Comparative Summary - 2025 Difficult Airway Guidelines vs. Older Guidelines
Comparative Summary: 2025 Airway Guidelines
Key Highlights from DAS 2025 Difficult Airway Guidelines
🔹 Guideline Evolution
Focus shifts from managing failure (2015) to maximizing first-attempt success and maintaining oxygenation throughout.
Incorporates evidence from >1200 new studies since 2012.
Greater emphasis on human factors, teamwork, and peroxygenation.
🔹 Airway Assessment
Airway assessment must include history, exam, and relevant investigations.
Should identify both anatomical and physiological difficulties.
Early identification of cricothyroid membrane (preferably with ultrasound).

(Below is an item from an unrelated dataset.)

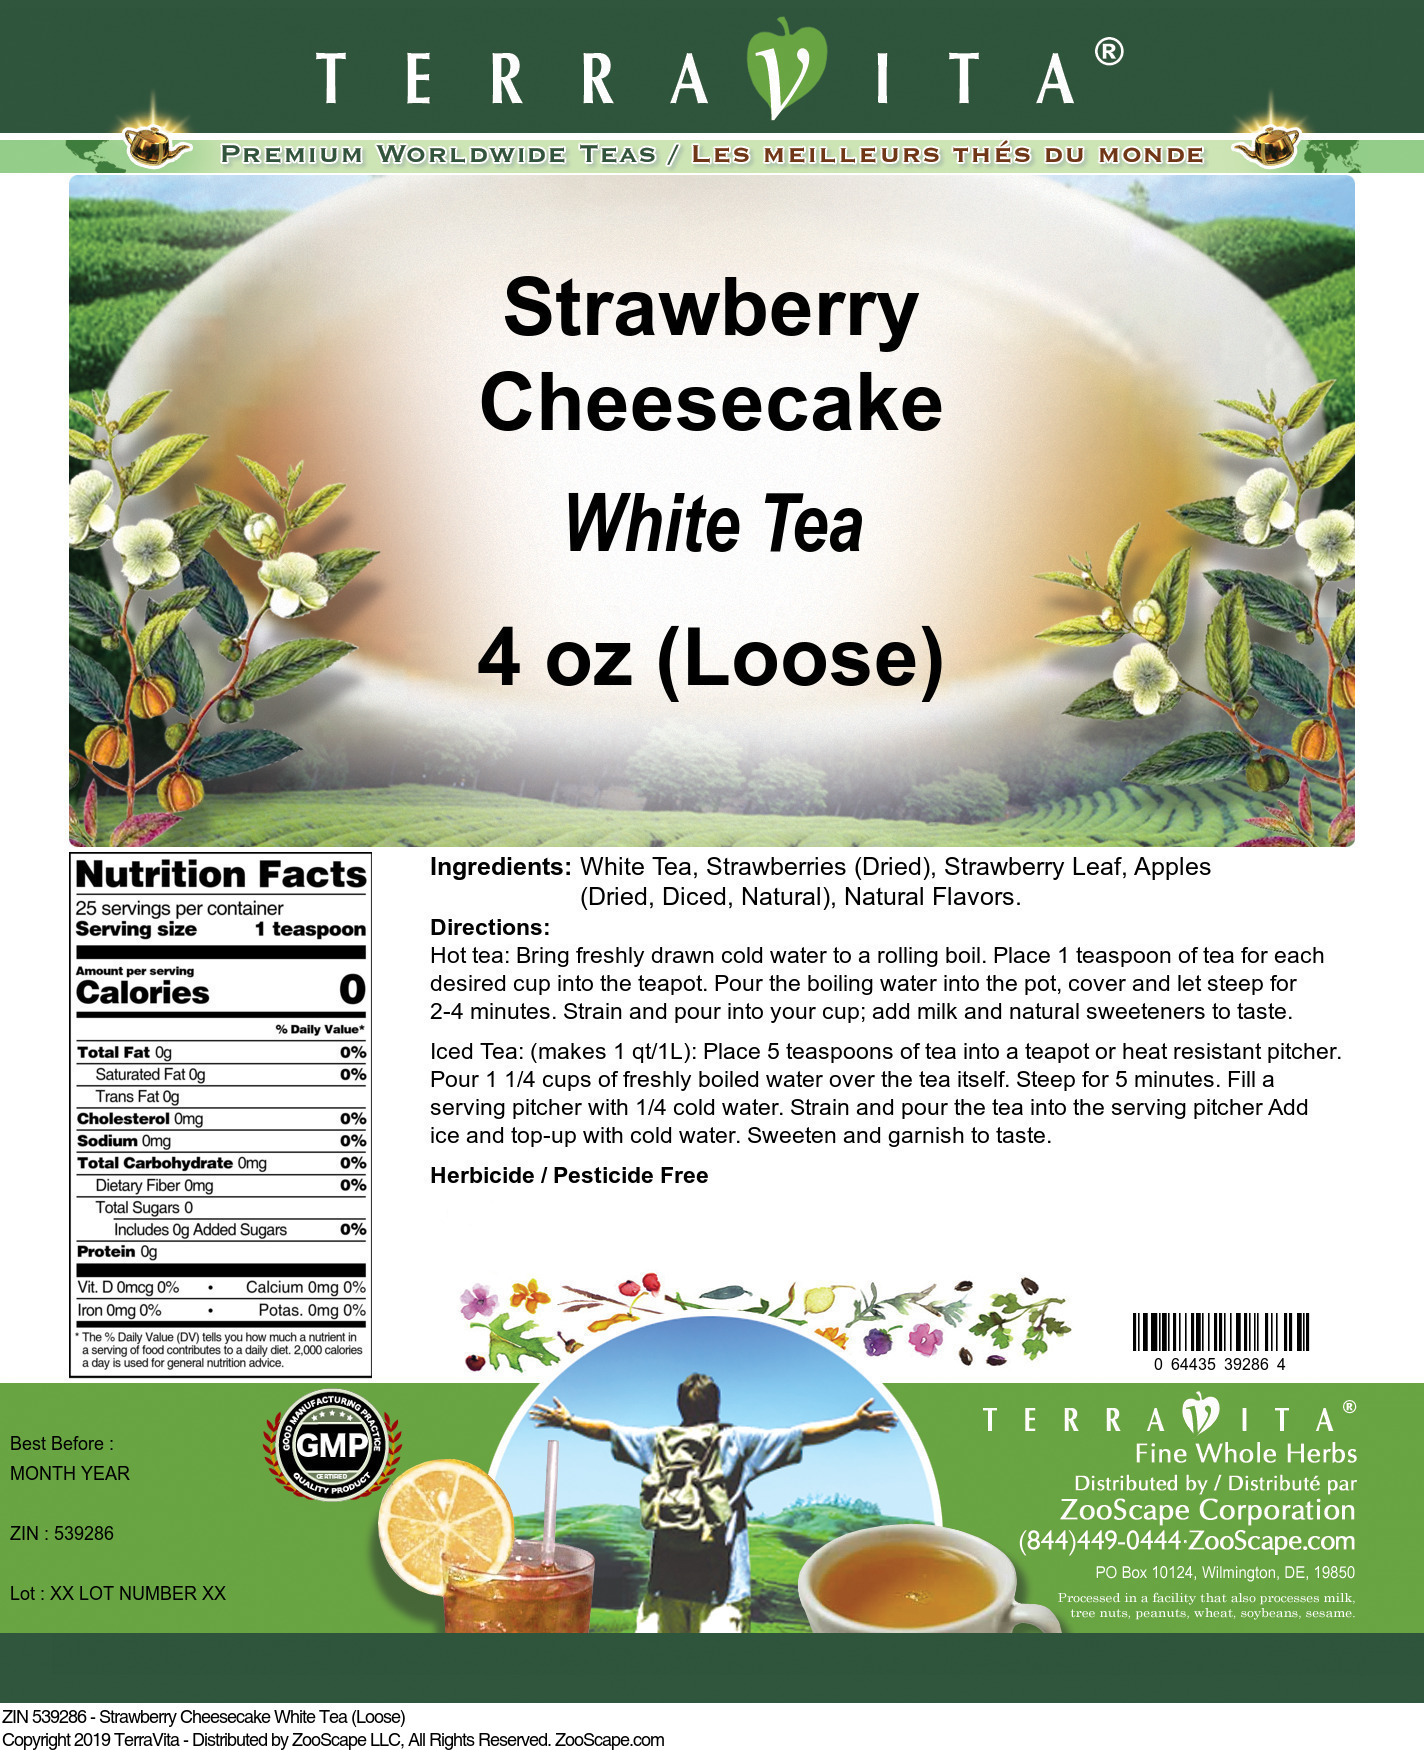 Strawberry Cheesecake White Tea (Loose) - Label

Recommendation: Perform assessment early and act upon findings.
🔹 Planning & Strategy
Structured plans (A–D) should be preformulated.
Awake tracheal intubation (ATI) considered if difficulty anticipated in A, B, C, or D.
Communication with assistant and team briefing mandatory.
Out-of-hours airway management identified as higher risk.
🔹 Monitoring
Continuous waveform capnography is mandatory throughout.
Audible SpO₂ tones must be on before induction.
Quantitative neuromuscular monitoring to confirm block.
Use a timer to prevent task fixation.
🔹 Drugs & Neuromuscular Block
Routine use of neuromuscular blockers recommended.
Rocuronium increasingly preferred (reversal with sugammadex available).
Sugammadex not reliable in “cannot intubate, cannot oxygenate (CICO)” scenarios.
🔹 Peroxygenation
Introduces concept of peroxygenation (pre-, apnoeic, and ongoing oxygenation).
Head-up position + positive pressure improves safe apnoea time.
HFNO (High-Flow Nasal Oxygen) preferred for apnoeic oxygenation.
Example: Continue nasal oxygen during laryngoscopy.
🔹 Plan A: Tracheal Intubation
Videolaryngoscopy now first-line.
3+1 attempt rule retained; maximum of 3 + final by senior.
Two-point confirmation (visual + waveform capnography).
Example: Use bougie or stylet with hyperangulated blade.
🔹 Plan B: Supraglottic Airway Device (SAD)
Second-generation SADs recommended for rescue ventilation.
Maximum three insertion attempts.
After success: “Stop, Think, Communicate.”
Default action: wake patient up unless surgery is essential.
Example: Avoid blind intubation through SAD.
🔹 Plan C: Final Facemask Ventilation
One final attempt before eFONA.
Use full neuromuscular block, two-person technique, adjuncts.
If ventilation fails → declare CICO → move to Plan D.
🔹 Plan D: Emergency Front-of-Neck Airway (eFONA)
eFONA must be performed if CICO confirmed.
Default approach: Vertical incision for all (palpable or not).
Full paralysis mandatory before performing eFONA.
Emphasis on psychological debrief and support post-event.
🔹 Rapid Sequence Induction (RSI)
Re-evaluates cricoid pressure: use if high aspiration risk, remove if view poor.
Head-up position ≥30° and HFNO recommended.
Cricoid pressure must only be applied by trained assistant.
🔹 Physiologically Difficult Airway
New domain in 2025 version.
Identifies risk of hemodynamic collapse or hypoxaemia during induction.
Team member assigned specifically for hemodynamic monitoring.
🔹 Obesity
Use head-up ≥30°, consider awake intubation, and HFNO.
Early help and SAD insertion emphasized.
🔹 Human Factors & Team Dynamics
Introduces “priming” (prepare for eFONA early).
“Transitioning” (move promptly between A–D to avoid fixation).
Designates assistant role: monitors CO₂, triggers transitions, calls for help.
🔹 Point-of-Care Ultrasound
Encouraged for airway assessment, cricothyroid localization, and aspiration risk (gastric scan).
Still considered aspirational pending training standardization.
🔹 Documentation & Education
Mandates clear, structured airway documentation.
Difficult airway cases must be logged, communicated, and coded.
Shared institutional and individual responsibility for ongoing training.